Coitus reservatus stands as one of the first sustained experiments in contraception in American history, with the avowed aim of liberating women from their role as a “propagative drudge.” Over the 21-year span that it was in effect, from 1848–1869, Oneida’s practice of male continence governed the sex lives of up to 200 adults, and was remarkably effective at curbing “involuntary, unwholesome impregnation,” as the Oneida literature rather clinically referred to it. Sprung from the trap of serial pregnancy and childcare, Oneida women were suddenly free to investigate alternative identities outside the restricted roles of wife and mother. Yet the Oneida Community’s peculiar version of women’s lib was the outgrowth of a theology so off-putting and improbable that it has never fit neatly into standard narratives of the 19th-century feminist and birth control movements.

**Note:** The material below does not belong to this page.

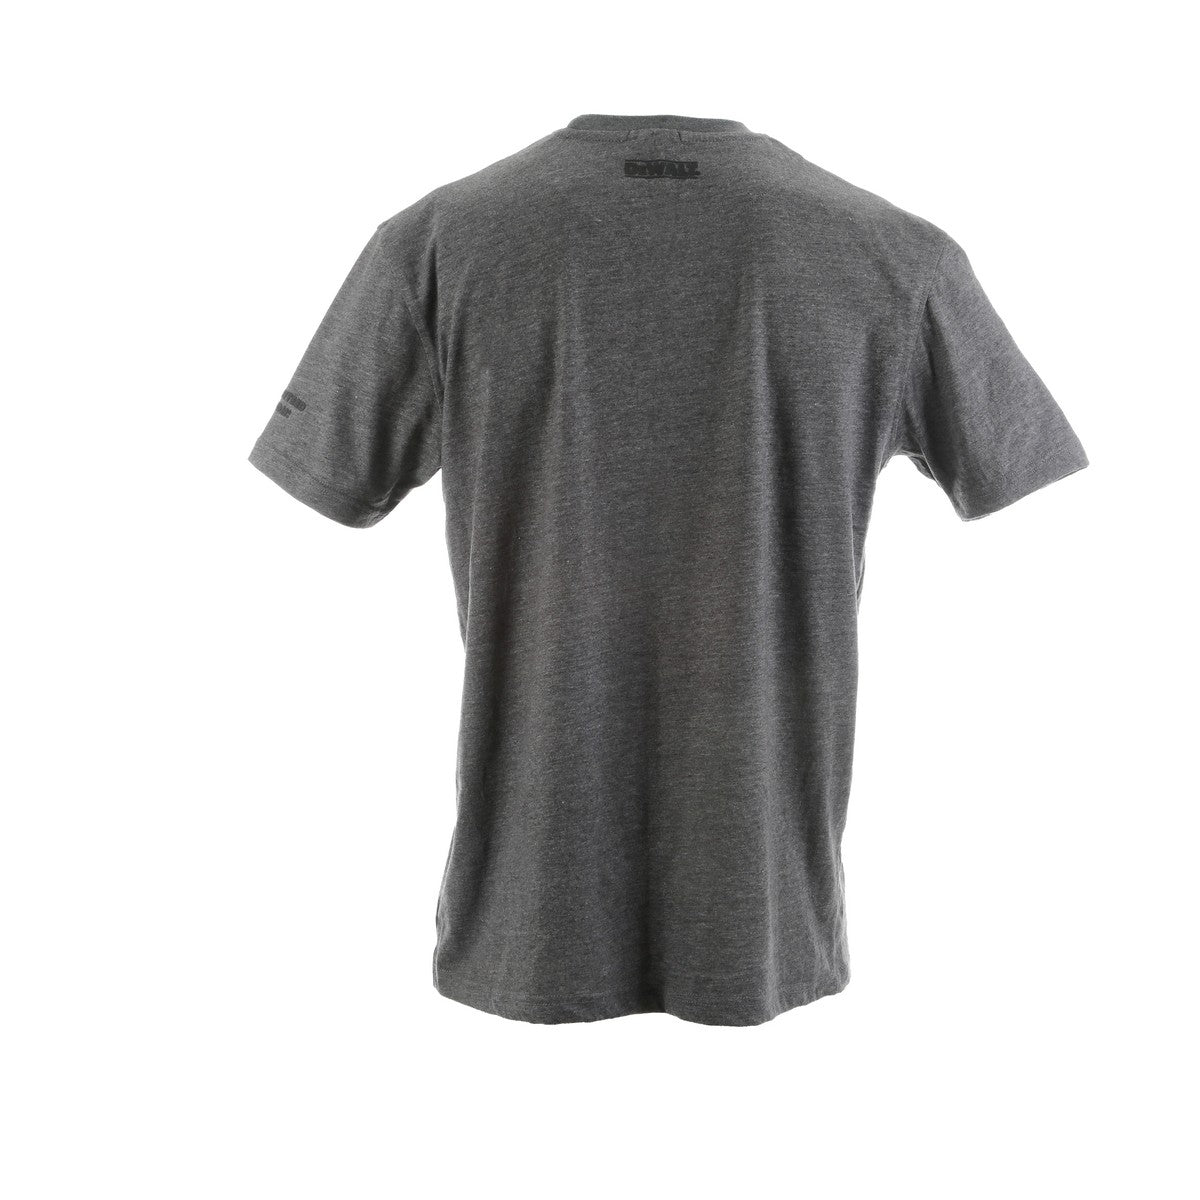 DeWalt Charcoal Grey T-Shirt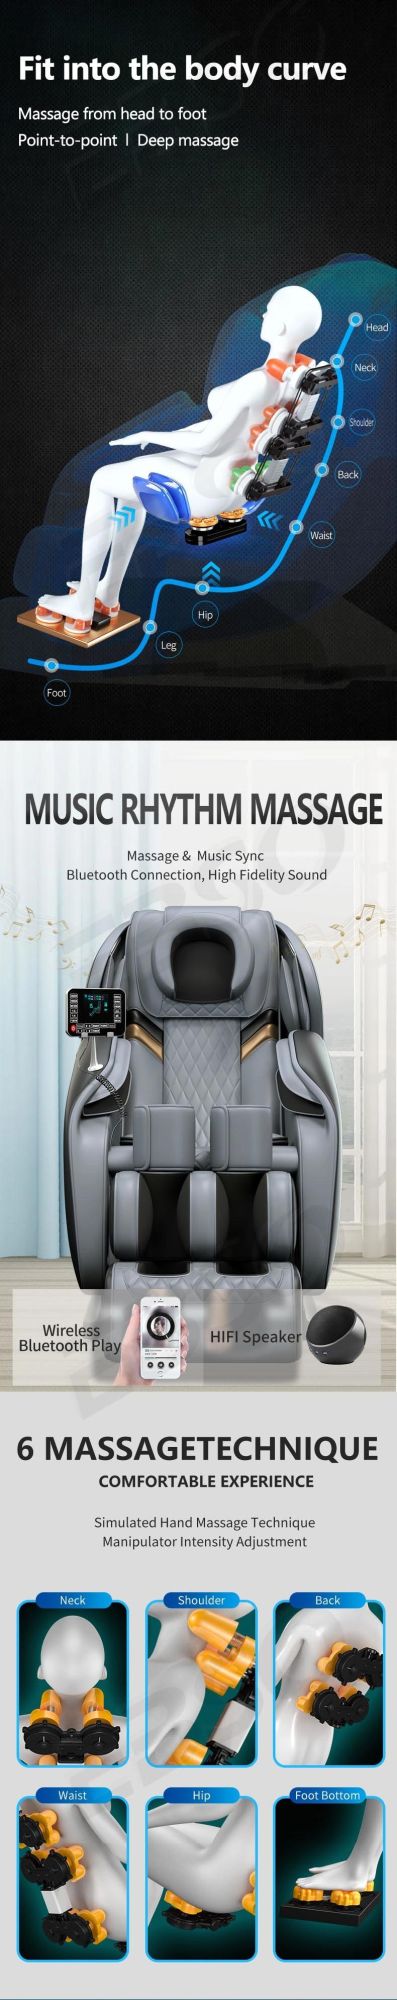 Massage Equipment Manufacturers Zero Gravity Full Body Massage Chair with Heat

Oneida’s experiment in redefining gender roles coincided with the mainstream feminism of Elizabeth Cady Stanton and Lucretia Mott, among others, which culminated in the Seneca Falls Convention on the Rights of Women in July of 1848. The suffragists lobbied for women’s legal and political equality with men. Yet, as Linda Gordon has shown, these feminists never intended that equality with men should diminish a woman’s traditional duties as wife and mother. Rather, “[i]n arguing for the enlargement of [the] woman’s sphere, feminists envisaged combining motherhood with other activities, not rejecting motherhood.” Civil equality was meant to supplement and strengthen woman’s maternal destiny.

The 19th-century cult of motherhood casts a long shadow. Today, while American women enjoy (nominal) civil equality, it has proven trickier to escape from the snares of our maternal fixation. In her 2015 Harper’s essay, “The Mother of All Questions,” Rebecca Solnit ponders the disheartening frequency with which women professionals are asked, in public settings, to discuss their marital and/or reproductive status. From a request during a literary forum that she speculate on Virginia Woolf’s lack of offspring (aren’t we supposed to be talking about her art?), to one interviewer’s bald insistence that she justify her own decision to remain childless, Solnit exposes our engrained assumption that, “women should have children, and that a woman’s reproductive activities [are] naturally public business.”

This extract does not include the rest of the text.